In building the dataset, 1500 images for the training set and around 100 images for the test set were selected. It was strictly required that the shape of the fish in each image included in the dataset must be fully visible, ensuring the representativeness and effectiveness of our dataset.
It is worth noting that our dataset encompasses a wide range of diversity, including various colors, patterns, angles, and poses of koi images. Such diversity will aid in evaluating the performance of image inpainting methods across different scenarios and provide ample challenges and opportunities for the generalization ability of the models. During the data collection process, efforts were made to ensure the richness and diversity of the data, aiming for the dataset to play a more representative and reliable role in the evaluation and application of underwater image inpainting methods.

3.2. LMF-Diffusion

3.2.1. LMF-Diffusion Model Architecture

Underwater lighting conditions are complex, such as light attenuation and color shifts, which pose challenges for image inpainting tasks.
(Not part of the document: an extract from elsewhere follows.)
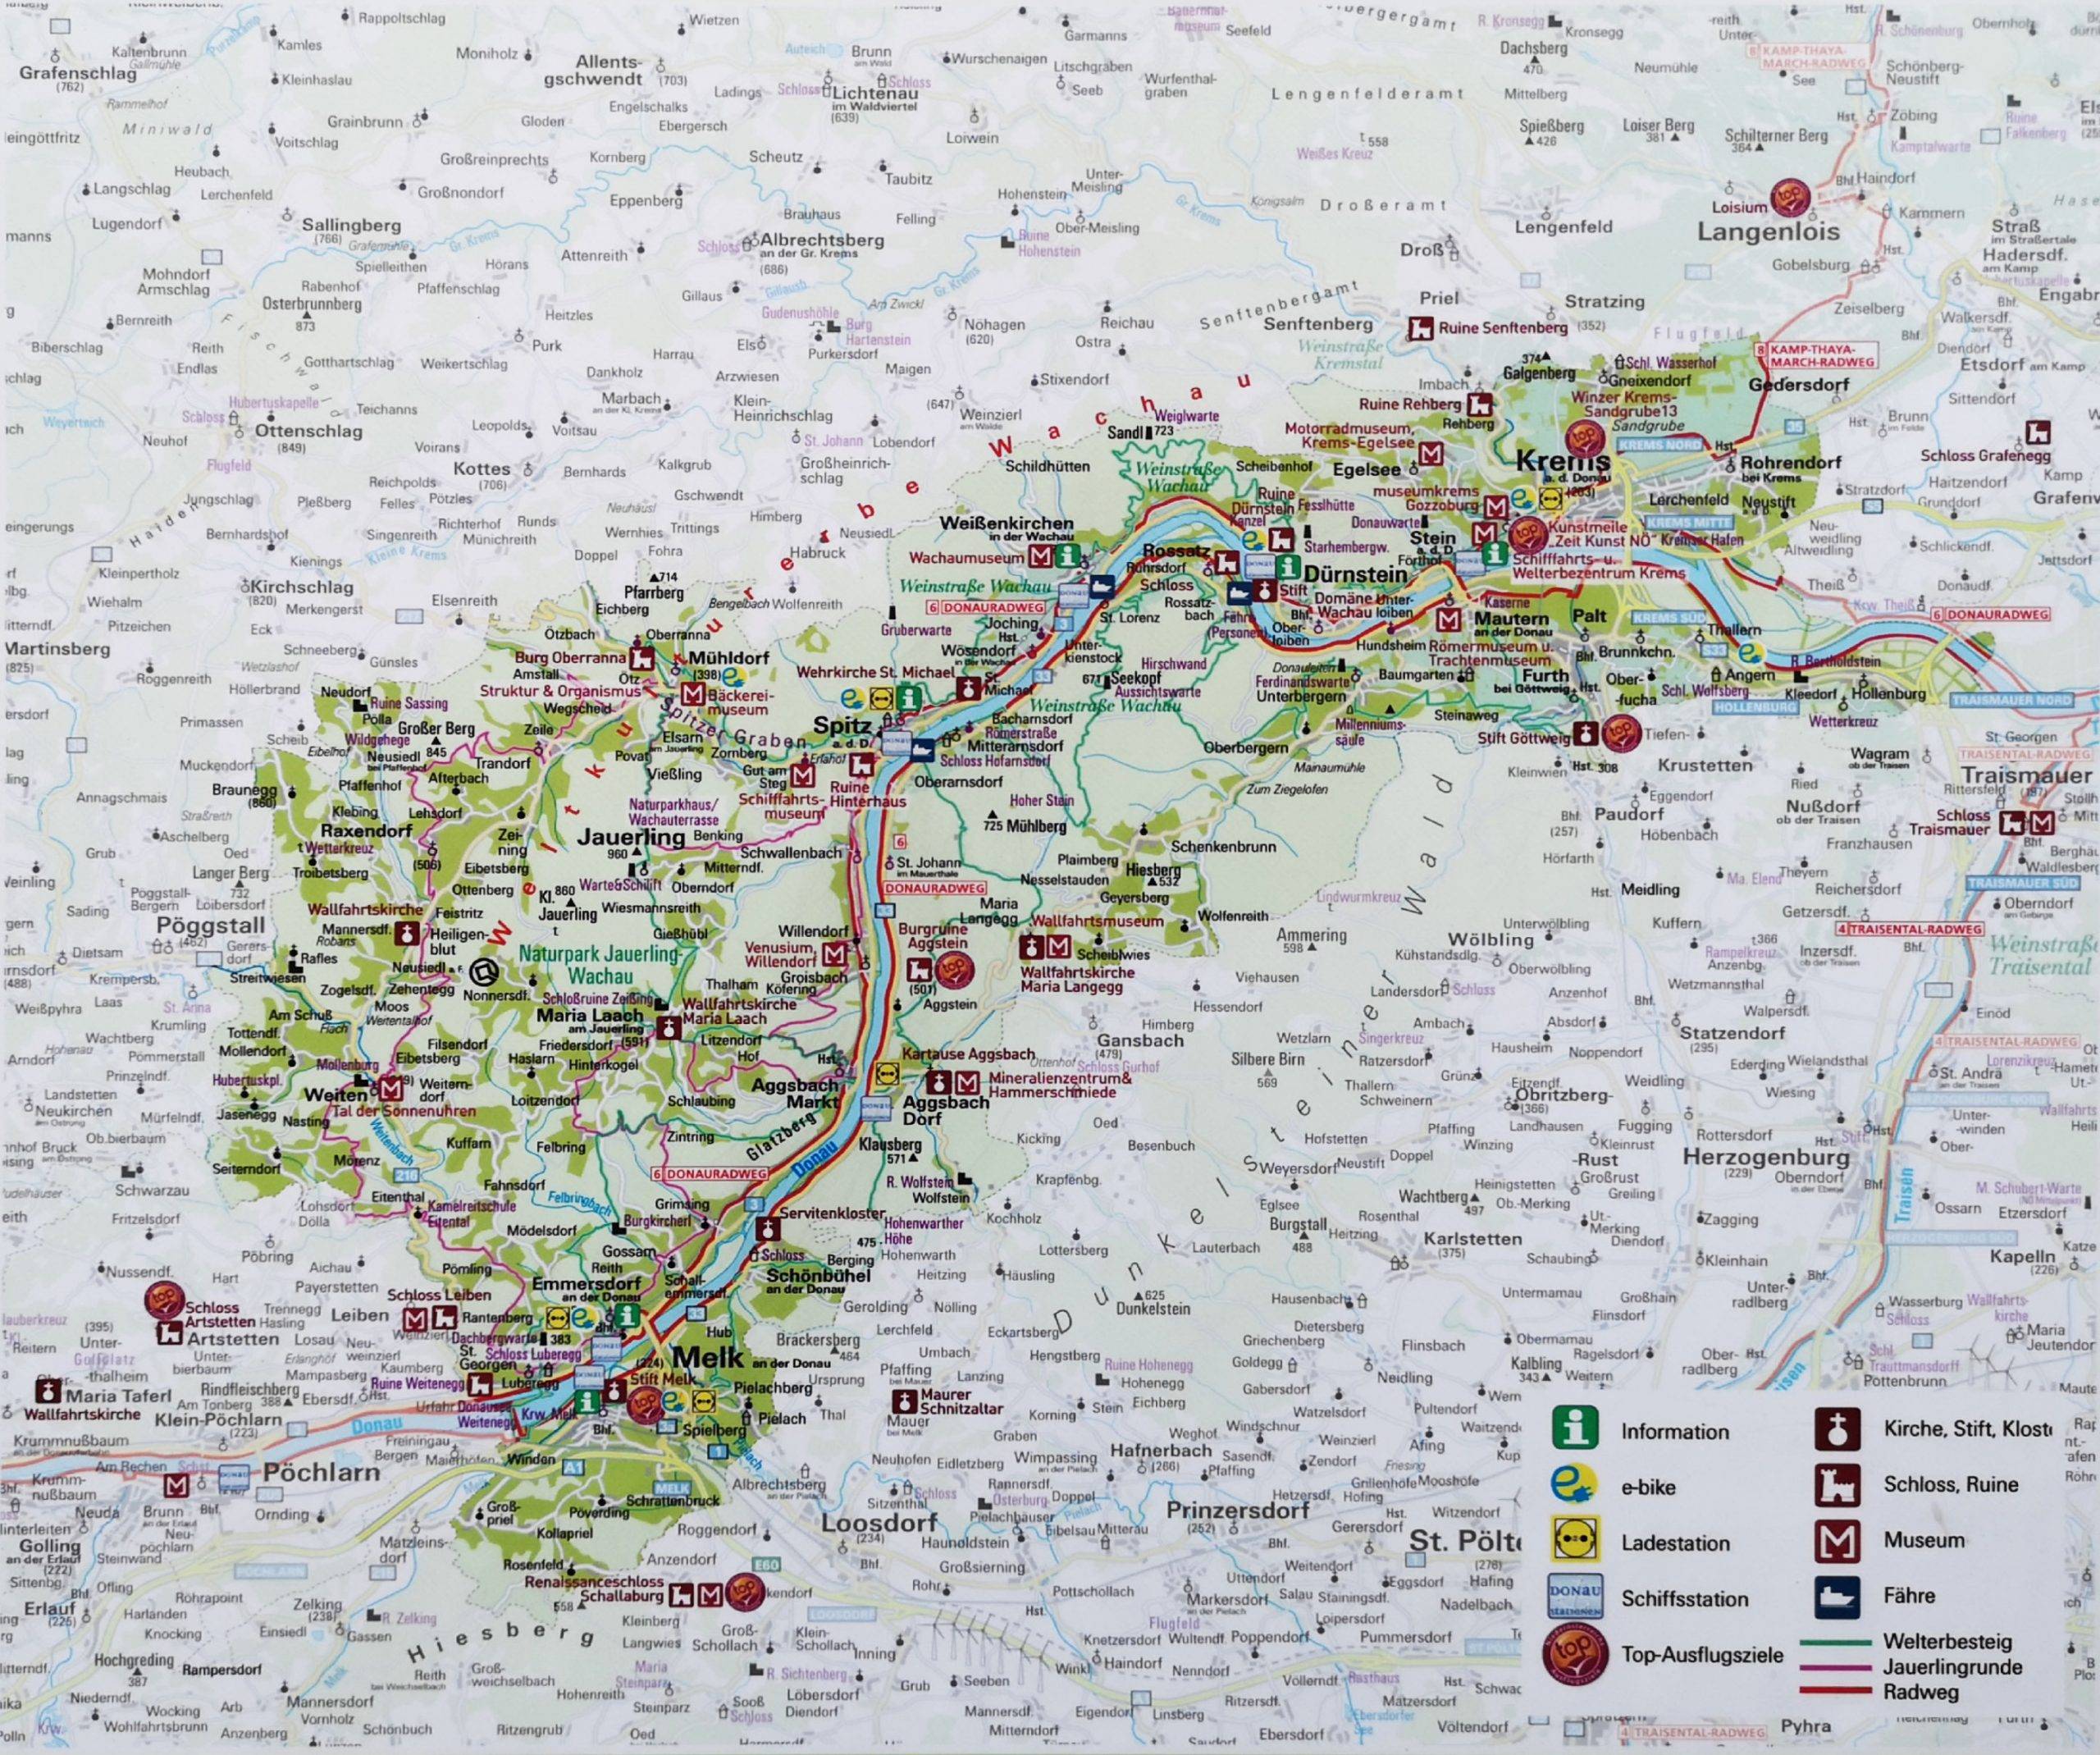 Official map of Wachau, Austria

Unlike images of common objects on land, in underwater fish images, fish postures vary and fish heads at similar angles in different images may correspond to completely different fishtail postures, making it more challenging for models to capture image features. At the same time, limited by factors such as lighting, seasons, underwater camera equipment, and so on, capturing clear and complete underwater fish body images suitable for model training is extremely difficult. Specifically, out of around 70,000 underwater fish images captured, only 1600 were selected to compose the dataset. This poses higher demands on the learning capability of the model, requiring more accurate and reliable inpainting results based on a limited number of real images.
When using Repaint for underwater fish image inpainting, it is necessary to first pretrain the unconditional DDPM model using the guided diffusion architecture [38]. Utilizing the prior model obtained with the guided diffusion architecture for image inpainting results in relatively rigid fish body boundaries in the inpainting images. Issues such as significant discrepancies in koi patterns compared to real images and incorrectly inpainting the fish body area as the fish head arise, as shown in Figure 4. Clearly, using this method for underwater fish image inpainting makes it difficult to inpaint the natural form of the fish. Moreover, the model pretrained with the guided diffusion architecture has a large number of model parameters, thus occupying a significant amount of storage space, which is not convenient for practical applications. LMF-Diffusion is proposed to improve the above issues.
The structure of the LMF-Diffusion is shown in Figure 5. LMF-Diffusion is based on the UNet architecture. UNet is a fully convolutional network with an encoder–decoder structure. The structure of the encoder part and the decoder part is symmetrical, and the number of decoders is the same as the number of encoders. The encoder part performs feature extraction and compression by downsampling the input image, while the decoder part inpaints the size of the image and combines the extracted features from the encoder part with the corresponding layers of the decoder part. To enhance the model’s feature extraction capability and address the challenge of training image inpainting models on small datasets, MCA is incorporated as the attention module in UNet. MCA helps the model capture long-range dependencies among pixels effectively, handling features at different scales and orientations. In the subsequent experimental section, it is demonstrated that with the inclusion of the MCA module, the model can more accurately inpaint the details and edge information of fish shapes. To facilitate the practical deployment and application of the model, the use of depthwise separable convolutions is proposed to reduce the model’s parameter size and computational cost.
Algorithm 1 displays the complete training procedure of LMF-Diffusion. Referring to the training method of DDPM, the loss function is derived as a simplification of the one presented by Ho et al. [40]. α ¯ t represents the total noise variance, β t is the variance of the normal distribution, and the noise generated at step t is sampled from N ( 0 , β t ) . In the specific training process, β t is determined by different beta schedules. For example, when the beta schedule is linear, the variance is sampled evenly from the minimum to the maximum value at each step.
Algorithm 1 Training LMF-Diffusion model
Input: 
input image x 0
Output: 
prediction ϵ p r e d
1:
repeat
2:
     t U n i f o r m ( 1 , , T )
3:
     ϵ N ( 0 , I )
4:
     α ¯ t = s = 1 t ( 1 β s )
5:
     ϵ p r e d = ϵ θ ( α ¯ t x 0 + 1 α ¯ t ϵ , t )
6:
     L o s s = E t , x 0 , ϵ ϵ ϵ p r e d 2
7:
    Take gradient descent step on θ ϵ ϵ p r e d 2
8:
    Update the weights of the LMF-Diffusion
9:
until converged return  ϵ p r e d

3.2.2. Multi-Scale Cross-Axis Attention (MCA)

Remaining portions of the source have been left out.